Tomorrow….who knows?

I always loved landscape/waterscape photography, but I often grew
weary of the traditional image with land or water, and then the sky
appearing at a horizon line, frequently either 1/3rd or 2/rds of the
way up the picture frame. So like many photographers, I began making
more and more landscape “type” images where only the land (or water)
showed. In other words, no traditional scapes with a beginning and
middle and an end.  Such pictures are not new by any means, but I
tried to “see them” with the same amount of frequency as I did the
traditional land/waterscape. It became one more way of looking at the
world.

One way to eliminate a typical landscape with its usual finish, is to
hang your tripod and camera ( and yourself) over a 3,000 foot cliff
and photograph the river below. For this shot I used a short telephoto
(70mm) and cropped the image somewhat.
1BLCanSanJuan 034

As an aside, I should say that I am in no way a specially brave
person. Just a common guy at best. All the risks that I took while
making or getting to where I was going to make pictures, were done
with meticulous care and thoughtful planning. Even when I was lost in
northern Minnesota or the Sonora Desert, I knew beforehand that could
happen and I had plans so I could be at least reasonably sure I would
survive and do so in good shape.

One of my favorite subjects for landscape photography is sand dunes.
While you can make (and I did) traditional compositions of this
subject with a distant sky, dunes are naturally adaptable for pictures
with all sand.

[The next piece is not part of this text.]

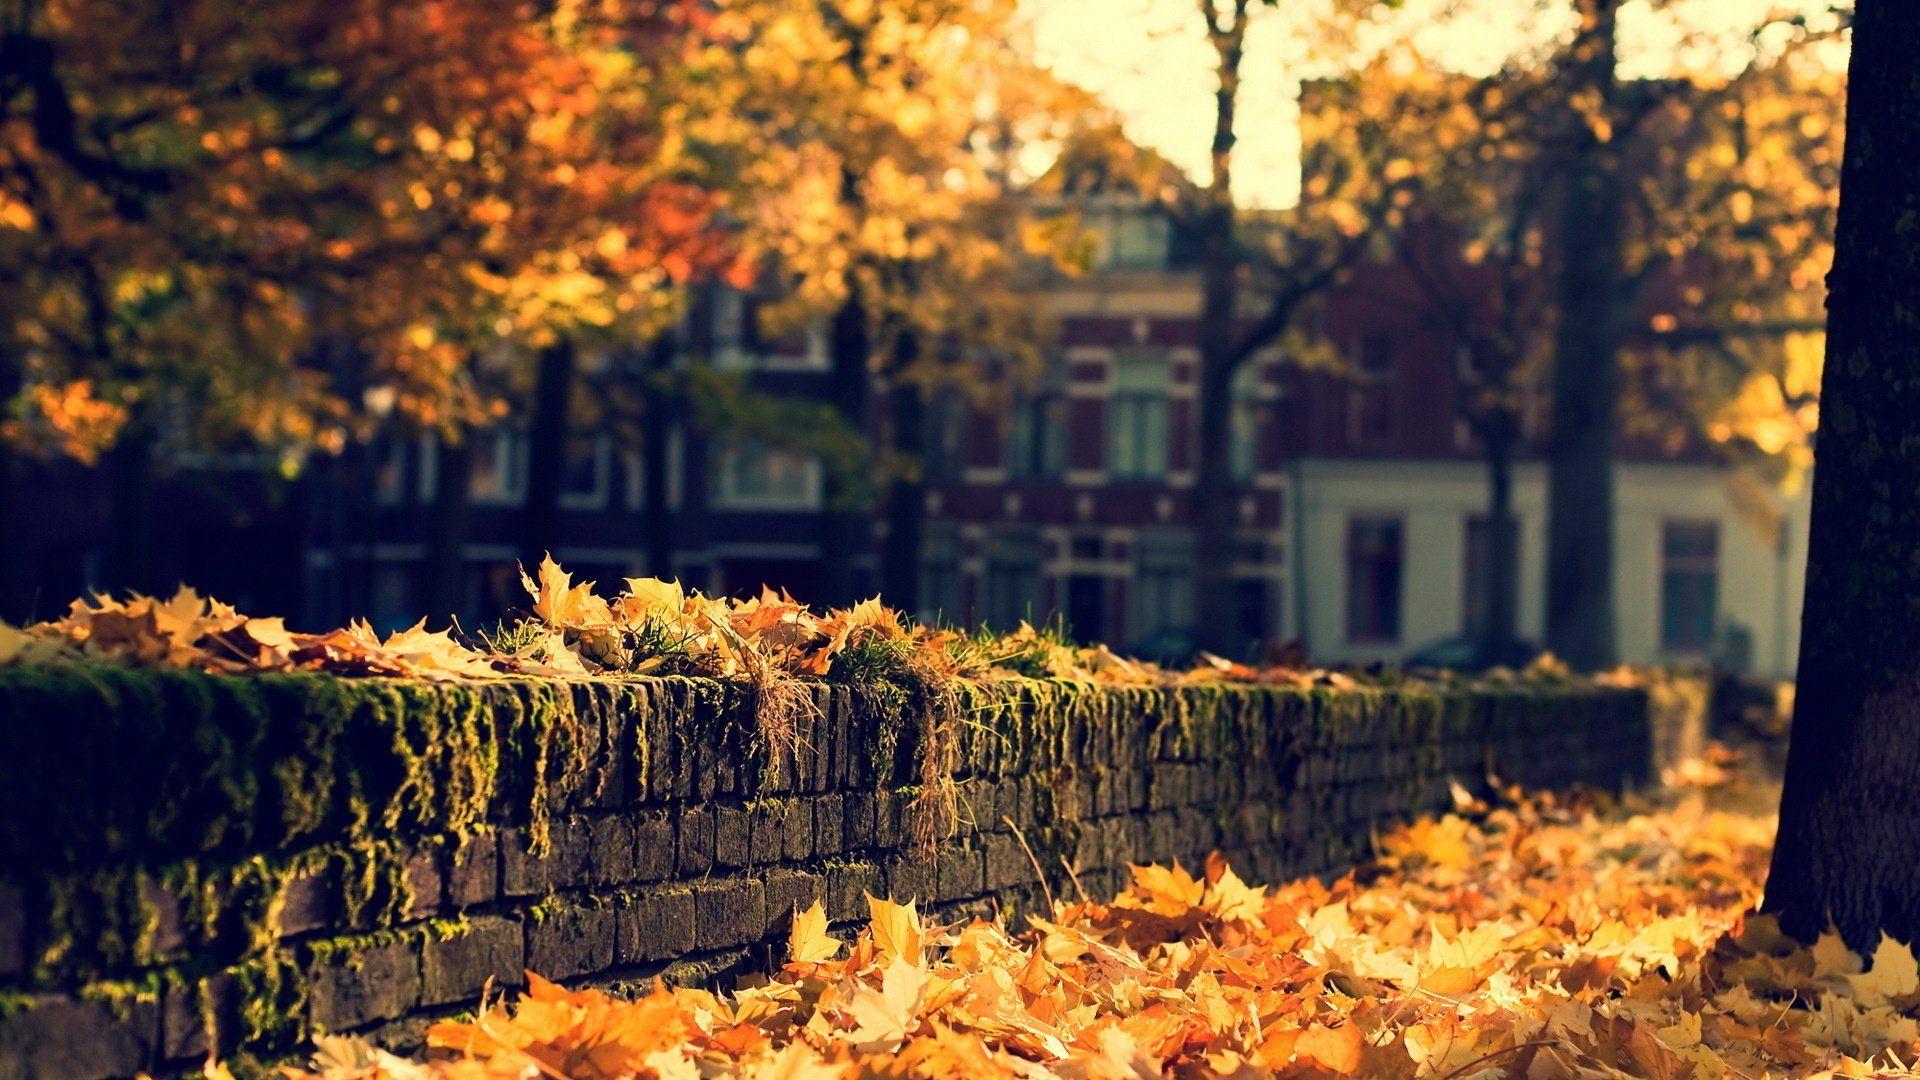 Autumn in the City Desktop Wallpaper at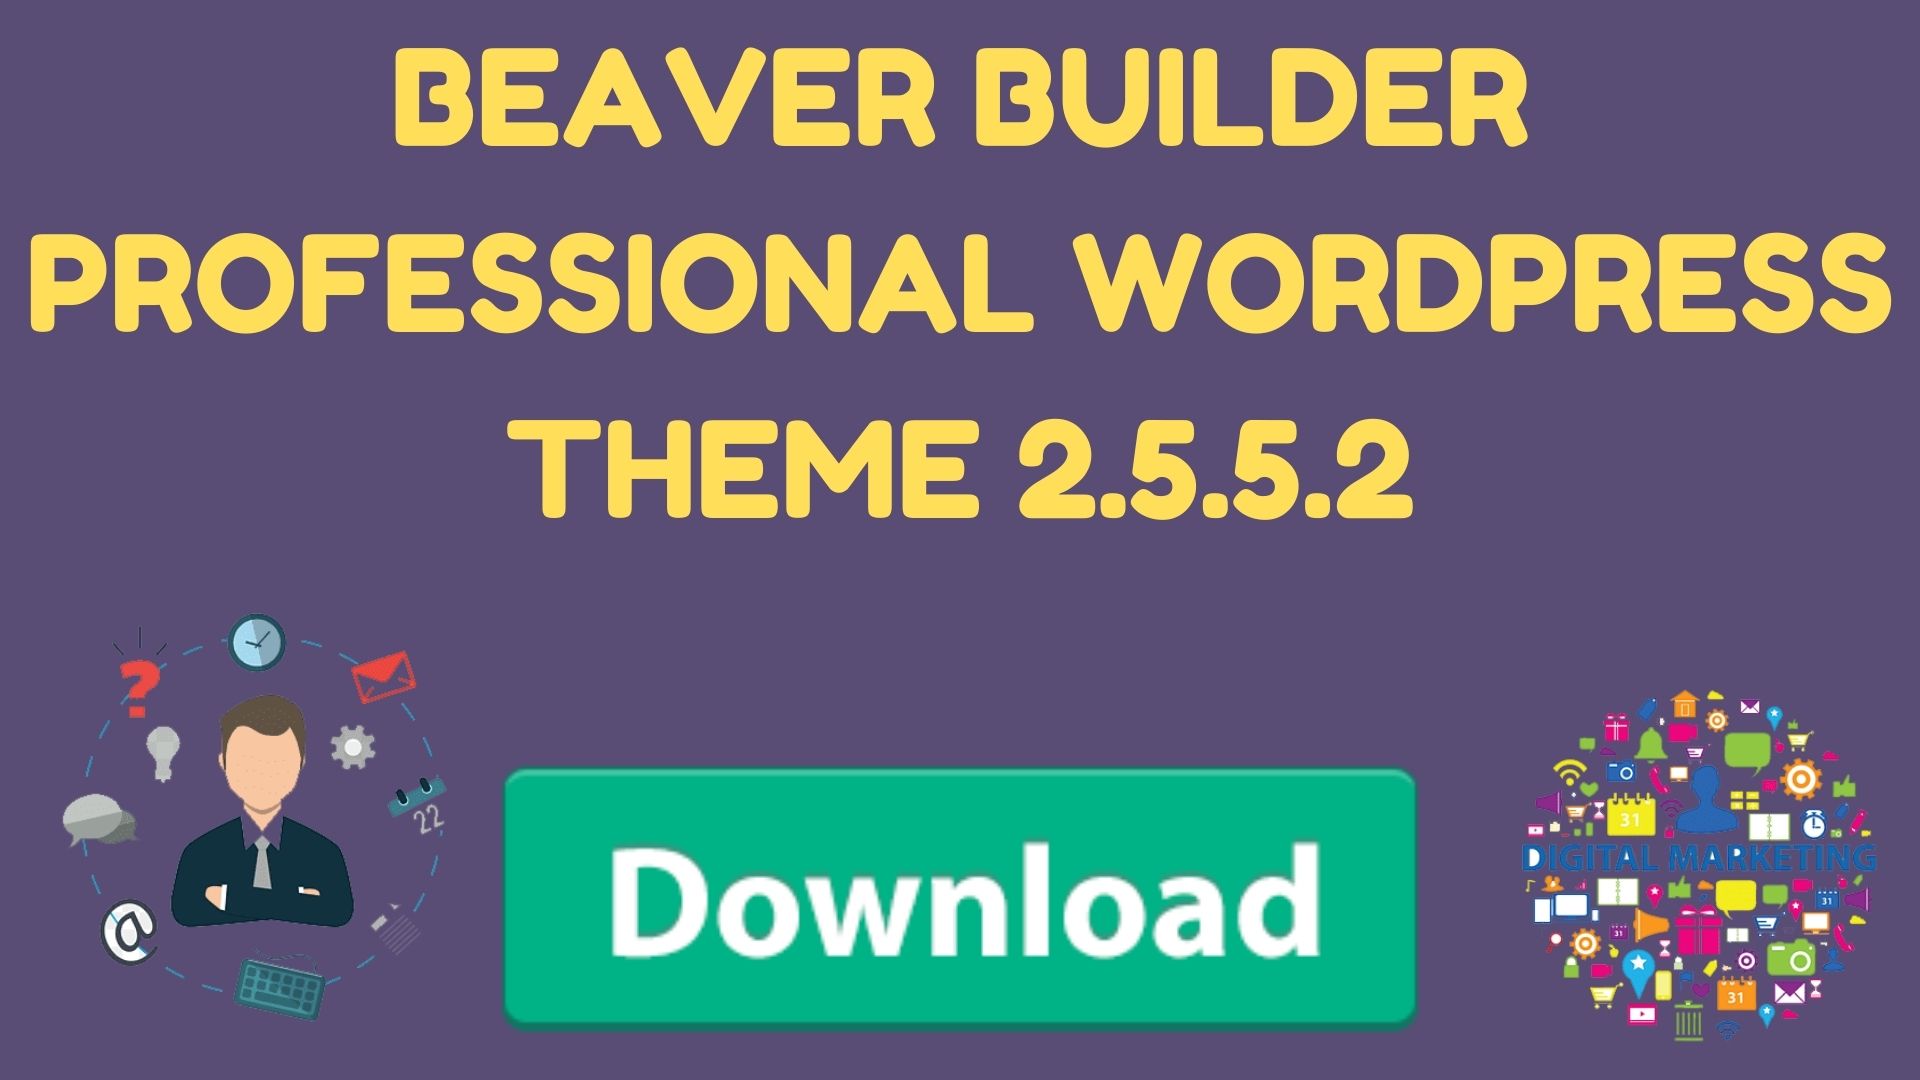 Beaver builder professional wordpress theme 2. 5. 5. 2

The hills and the contours make for what appear as
abstractions, but are truly just reality when you are in the company
of dunes.

This first image technically has a horizon but it is not of the sort
that will lead you into infinity as would a sky.

2G2b

This second picture is certainly “horizon-less“.  It does however
point us, via the lines in the sand, towards where we would logically
find a horizon.

This image is neat and ordered.

3DSC_0159

This final dune shot has no order to it except that which viewers can
find amongst the chaos.

It of course also has no defined horizon line.

3tGSDunesANWR 083

While this wilderness road in autumn clearly has no sky in the
distance, if you follow the road there is a horizon here. That road
reaches the top of the hill and turns left. The horizon is where it
does that, but where this picture will take us, is a mystery.  It’s a
journey worth traveling so I did.

4NwiFall_032

The rock country of the west, lends itself to landscape style imagery
very well. This picture was made along the Arkansas River in Colorado
and I made plenty of traditional compositions with water and/or land
or sky while I was there, but sometimes horizon lines distract us from
what might be what attracted us to the scene in the first place.

BLCanSanJuan 006

This next more traditional picture was created high in the Rocky Mts.
It is a traditional land + sky image, except as I often do, I show
just a kiss of sky.

bRMNPMarmMtEvans 125

This next image is simply a crop of the first. I am okay with either
shot as it is the rock, and the light that attracted me, and those
subjects are both prominent either way. One reason for that is the sky
is “grayish” and unobtrusive in that first image. Now if the skylight
was more colorful in and of itself, the first image would be my
choice.

bRMNPMarmMtEvans 125b

With or without a horizon, it served my purpose as the one with the
camera, telling a story.

The Badlands of South Dakota make great horizon-rimmed images, but
they make sensational abstract style, horizon-less pictures.  Grasses,
dirt, rock….who needs a sky?

The third image here is not merely a crop of the second. I changed
from 86mm on a zoom lens to 300mm. Cropping in the editing process is
a viable way to create new perspectives of an image, but it is never
as satisfying (to me) as “artistic intent” at the moment of
conception.

DSC_3301

DSC_3302

DSC_3304

My favorite of the three? The middle image hands down.

Landscape images can be complex in their simplicity, or so complicated
that they become simple. That is a part of the joy of landscapes. That
is a part of the joy of life.

There is always room to expand our horizons, have a happy time finding yours.